# A bitter sweet day...



## PitGurl (Feb 22, 2011)

I woke up to find my little delta Shy Boy had passed sometime in the night . I don't have any clue what happened. He seemed ok yesterday, he was even blowing his first ever bubble nest. Maybe spending 2 months at Petco took it's toll and it was just a matter of time. It's just sad when they last that long in awful conditions only to have them pass in a nice new home.
My VT from Chard should be arriving today so that's making me feel a little better.

Goodbye little Shy Boy. I hope you're blowing bubble nests under the rainbow bridge.


----------



## Leeniex (Aug 14, 2011)

Aw, I'm so sorry.


----------



## Pitluvs (Jun 22, 2011)

I remember you posting about him, he was such a beautiful boy. I feel the same way about these poor fish, they go through all this neglect and wait for us to save them, only to pass in a warm clean home surrounded by love. What a nice way to go. 


Rest Peacefully Shy Guy. ((hugs)) Pit.


----------



## Luimeril (Dec 29, 2010)

i'm so sorry.
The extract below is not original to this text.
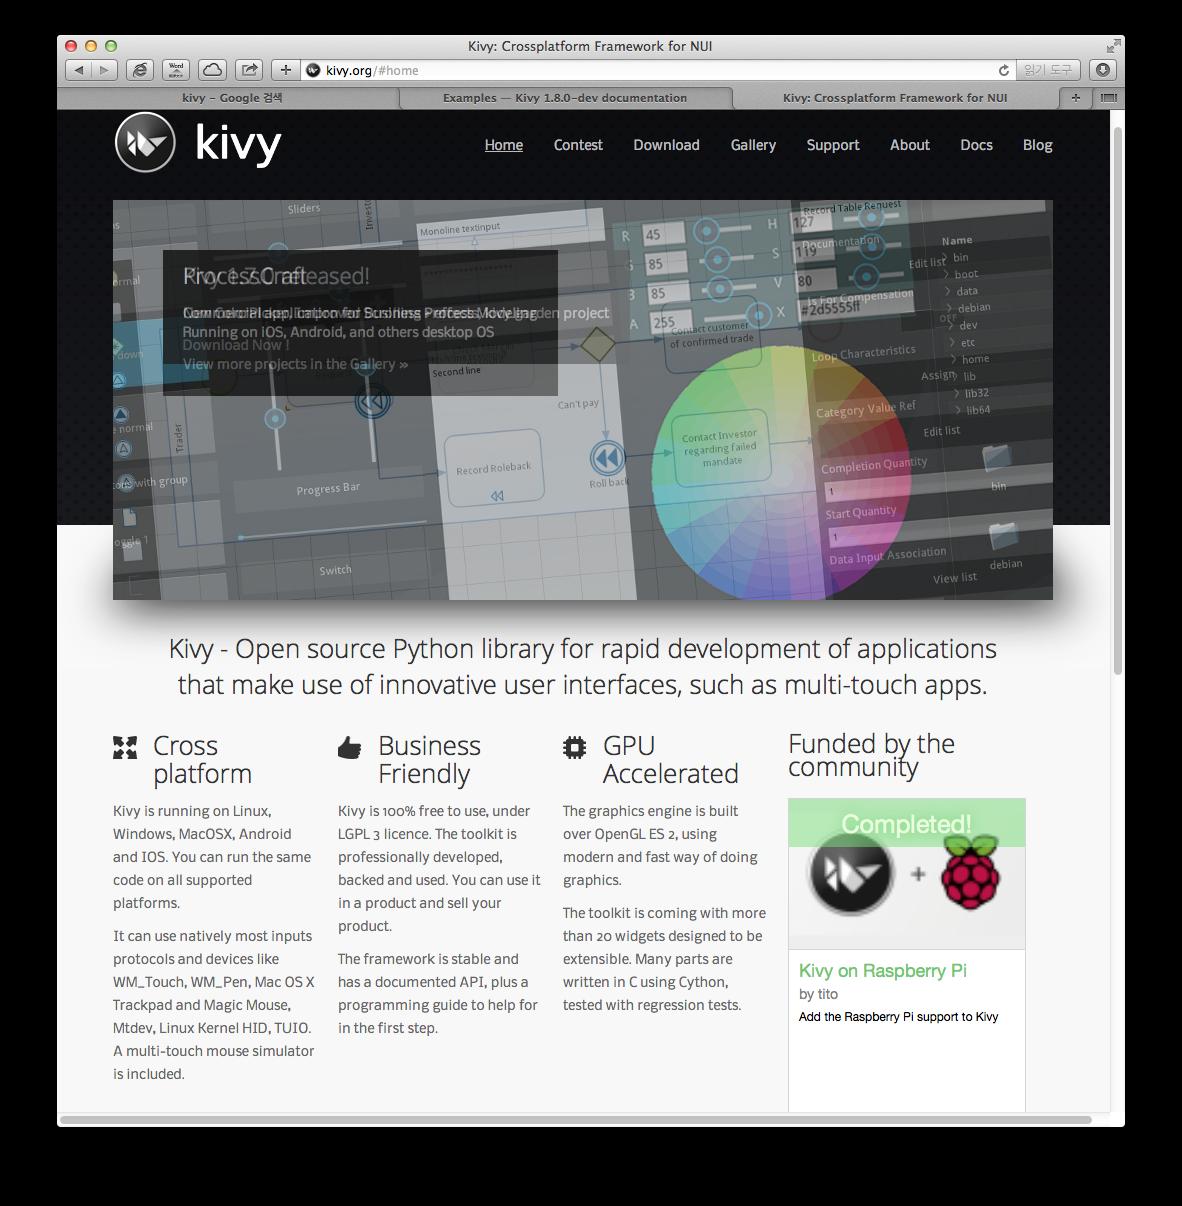 [OSX] Kivy 라는 파이썬 NUI 개발 환경

D: he certainly was a pretty boy.

and, it's ironic. my first Chard purchases arrived the same day i found Caroline had died. i hope he makes you feel better.


----------



## PitGurl (Feb 22, 2011)

Thanks guys....


----------



## tpocicat (Aug 8, 2011)

I'm so sorry for your loss. I'm sure Chard's (now yours) bettas will brighten your day.


----------



## peaches3221 (Jun 1, 2010)

aww I'm so sorry for your loss, he was so pretty!  

I have heard that sometimes pet store bettas can be a year or more old when you get them, so maybe it was just old age :/

anyway, congrats on the new betta!!!


----------



## bettafishes (Dec 17, 2011)

aww im so sorry i know how much it hurts


----------



## dramaqueen (Jul 7, 2008)

I'm so sorry for your loss. He sure was pretty.


----------



## gidgeystartedit (Nov 13, 2011)

He's very pretty, sorry for your loss


----------